Multi-layer injection detection protects against adversarial inputs that attempt to override system instructions.

  • Heuristic detection — pattern matching for common injection techniques
  • Token analysis — detects encoding-based evasion (base64, unicode, homoglyphs)
  • Regex patterns — matches known injection signatures
  • Prompt Shield — optional integration with cloud-native content safety APIs

Injection attempts are blocked with a 400 response and logged to the audit trail.

Custom Rules

Define custom guardrail rules via the dashboard or the Rules API. Rules can match on request content using regex patterns, keyword lists, or string matching.

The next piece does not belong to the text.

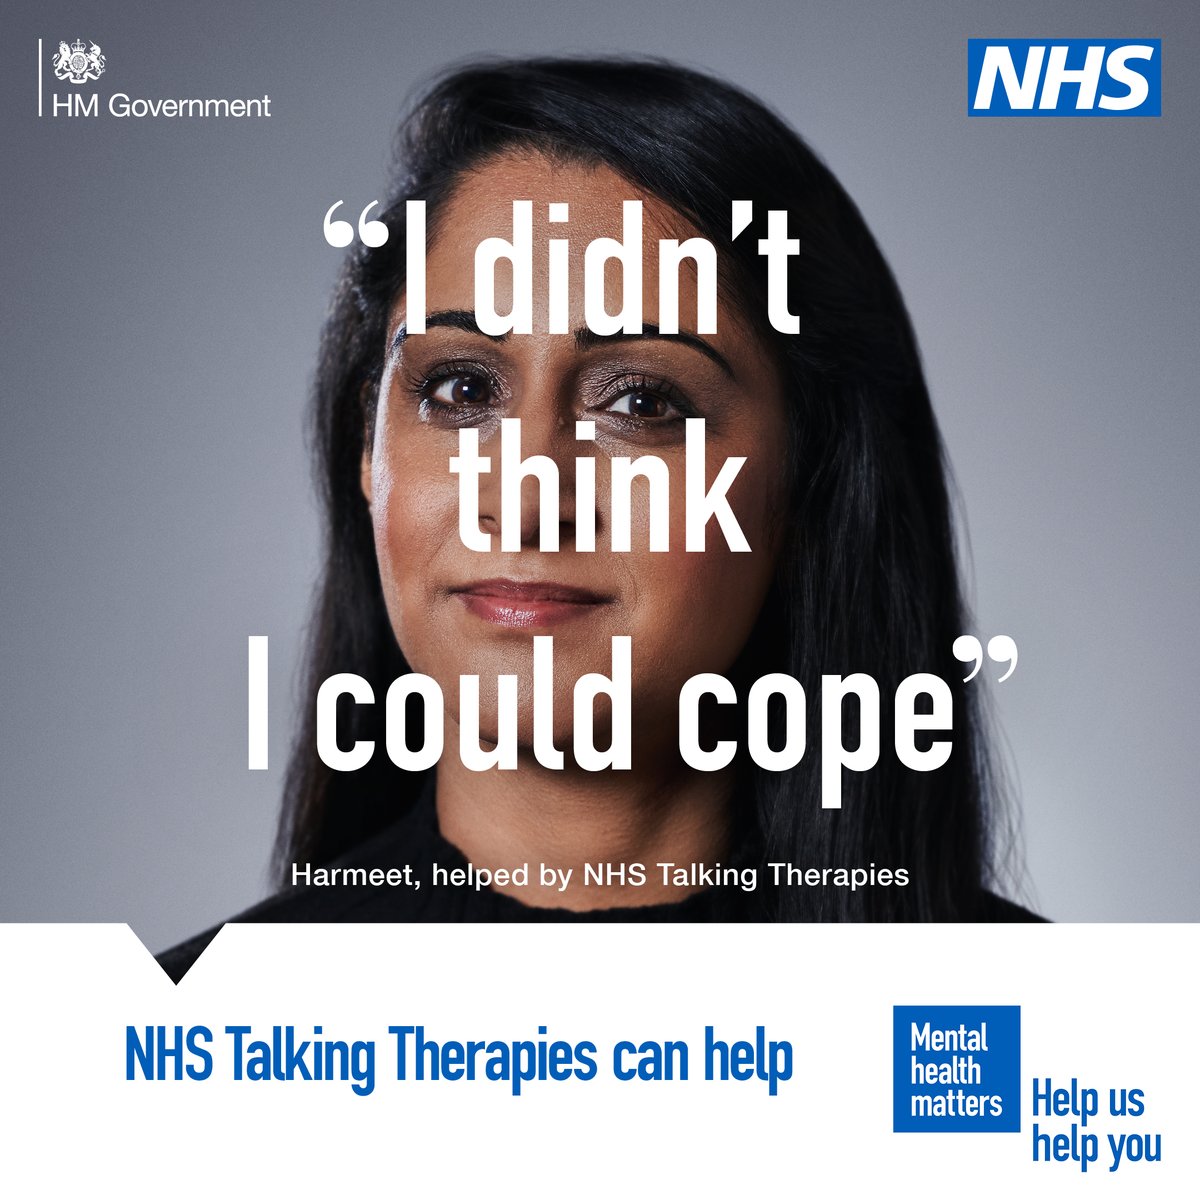 This week is #MentalHealthAwarenessWeek Struggling with feelings of depression, excessive worry, social anxiety, post-traumatic stress or obsessions and compulsions? NHS Talking Therapies can help. Your GP can refer you or refer yourself at nhs.uk/talk.

POST /api/v1/guardrails/rules
{
  "name": "block-competitor-names",
  "description": "Block requests mentioning competitor products",
  "pattern": "\\b(CompetitorA|CompetitorB)\\b",
  "action": "block",
  "scope": "input"
}

Configuration

Configure guardrail behavior per-user in the Dashboard → Guardrails → Configuration. Settings include:

  • Enable/disable individual guardrail types
  • Set severity thresholds for content safety categories
  • Choose PII detection mode (block, redact, flag)
  • Configure injection detection sensitivity

Violation Tracking

All guardrail violations are tracked and viewable in Dashboard → Guardrails → Violations. Each violation records:

  • Violation type (content safety, PII, injection)
  • Request ID for correlation
  • Timestamp and API key
  • Category and severity